As a data scientist, you need to distinguish between regression predictive models
and classification predictive models
. Clear understanding of these models helps to choose the best one for a specific use case. In a nutshell, regression predictive models and
classification predictive models` fall under supervised machine learning. The main difference between them is that the output variable—in regression is numerical (or continuous) while that for classification is categorical (or discrete).

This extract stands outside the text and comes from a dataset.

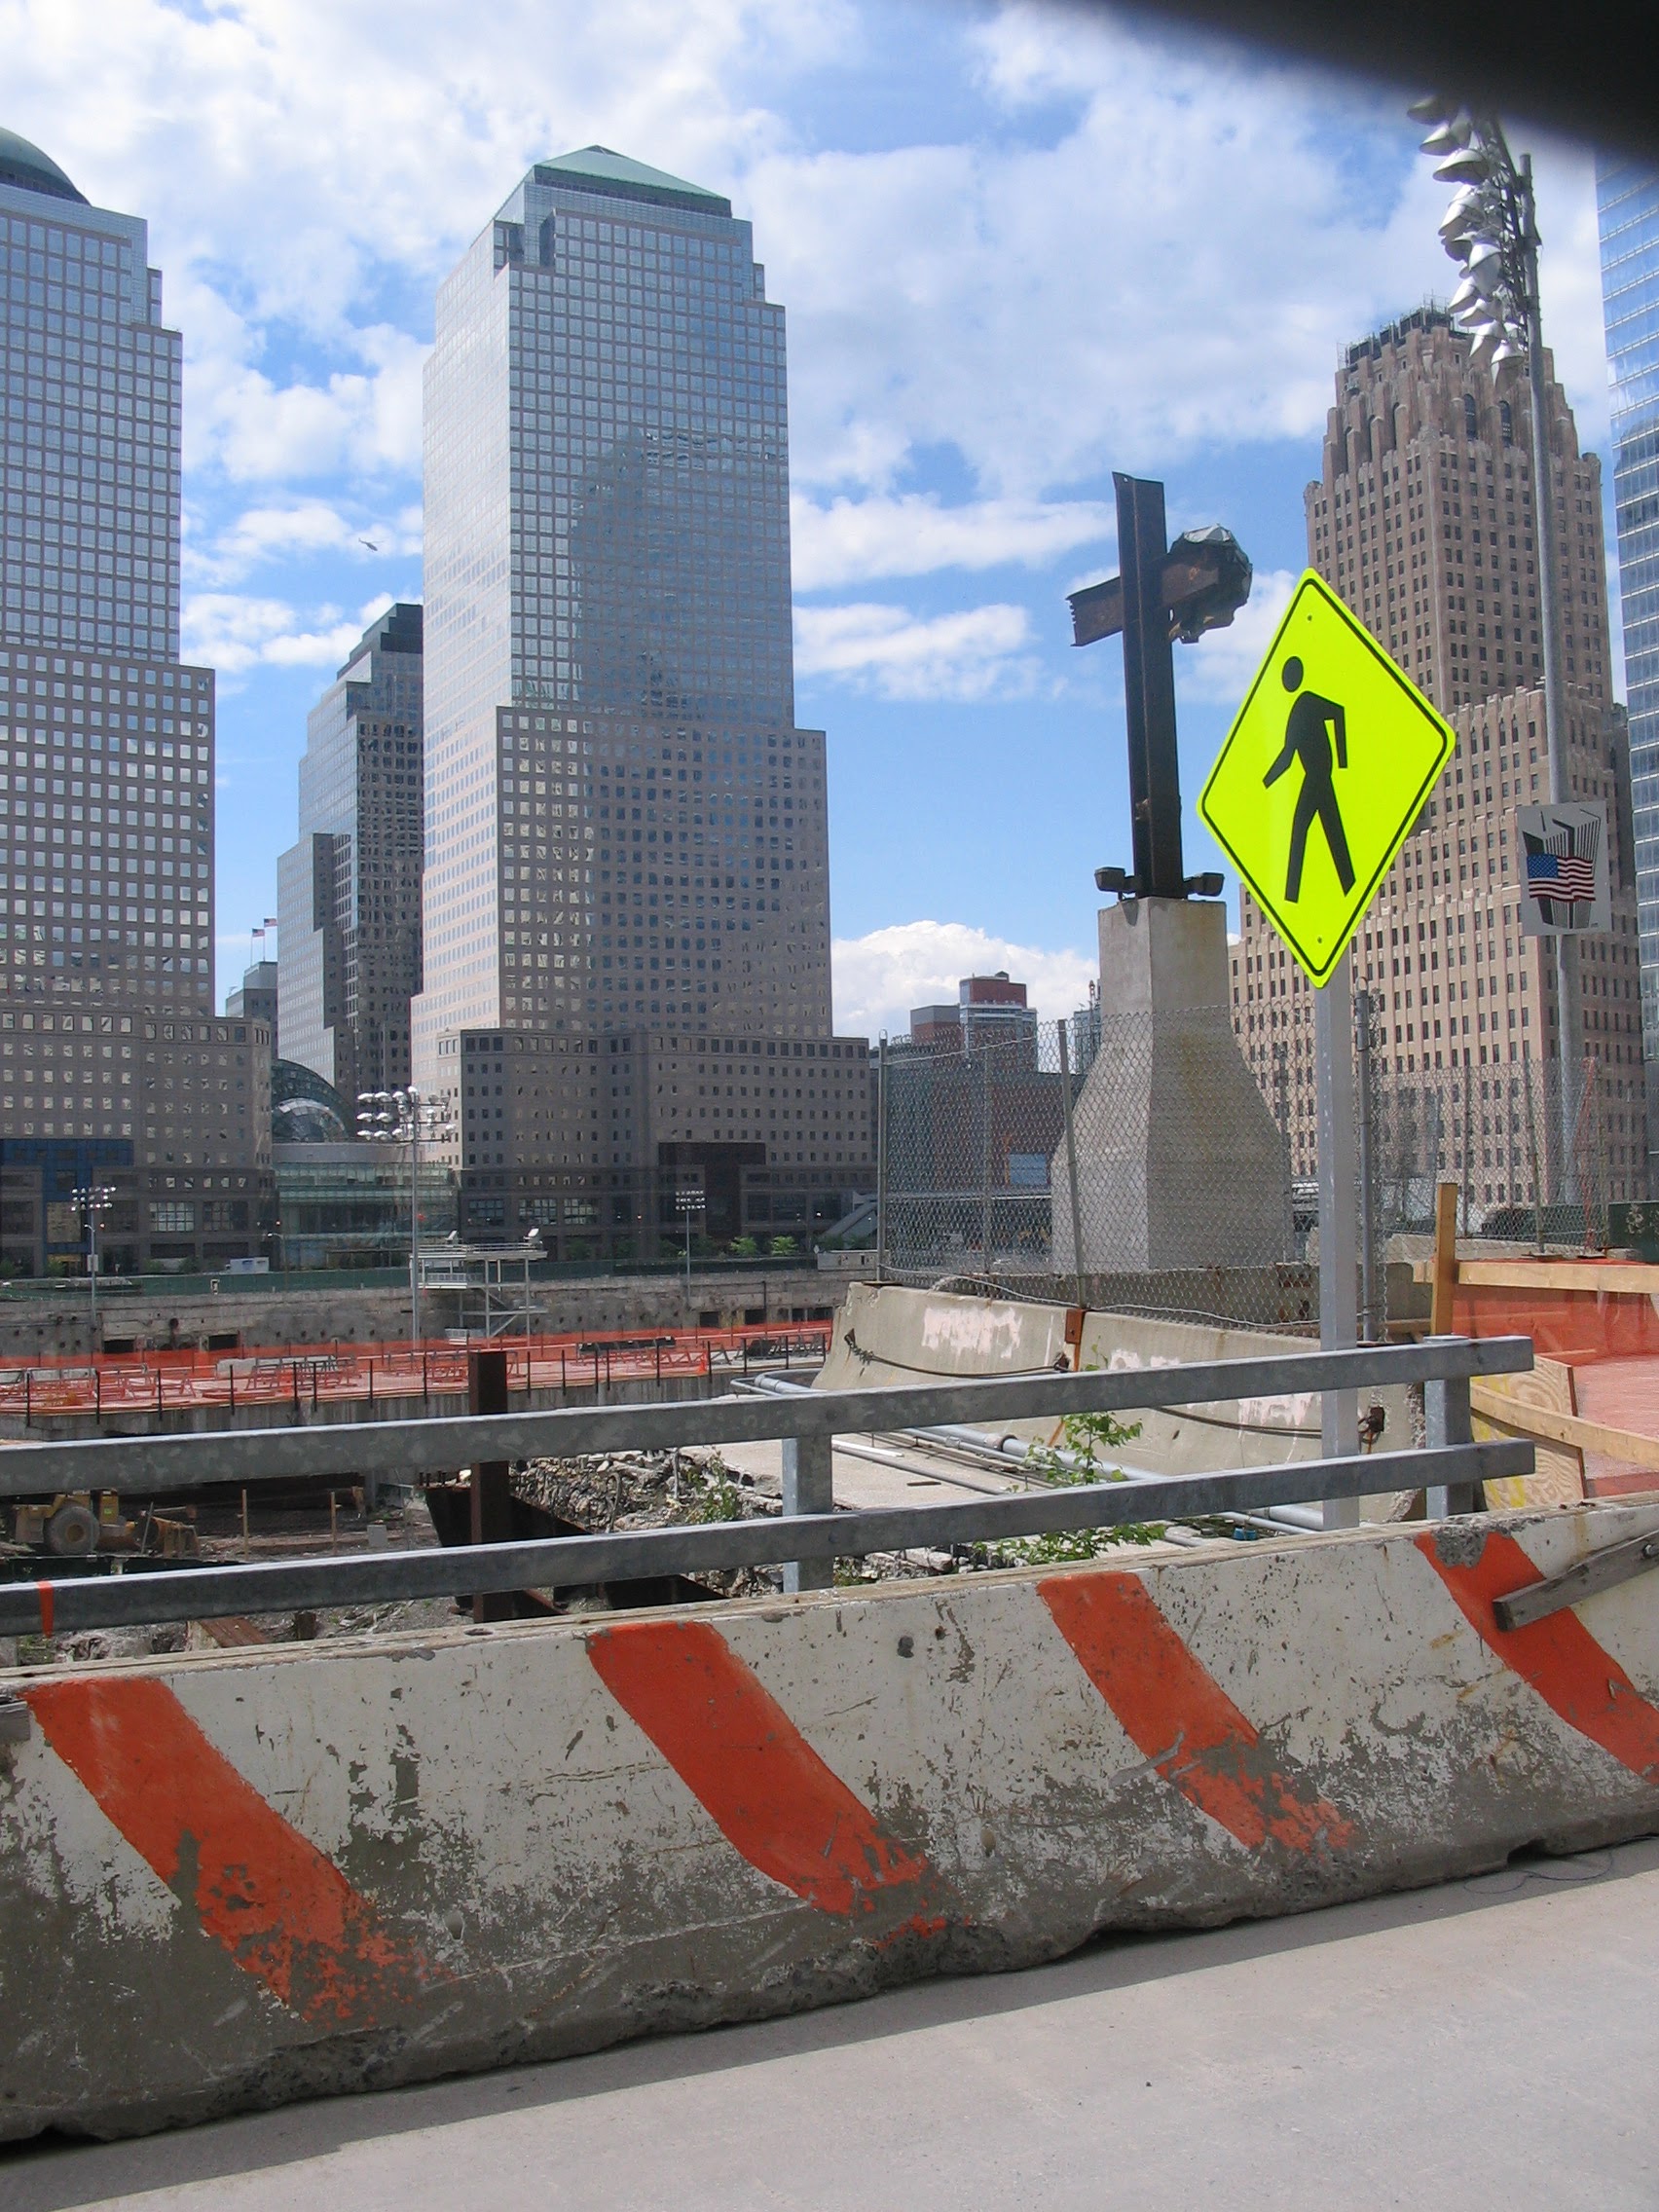 Picture of the World Trade Center site from 2006, specifically the "Ground Zero Cross"

A big part of machine learning is classification
— we want to know what class or group an observation belongs to. Therefore, the ability to precisely classify observations to their groups is valuable for various business applications like predicting the future based on historical data.
For example, when provided with a dataset about environmental variables, and you are asked to predict productivity, that is a regression task because productivity measured in term of chlorophyll concentration will be a continuous output.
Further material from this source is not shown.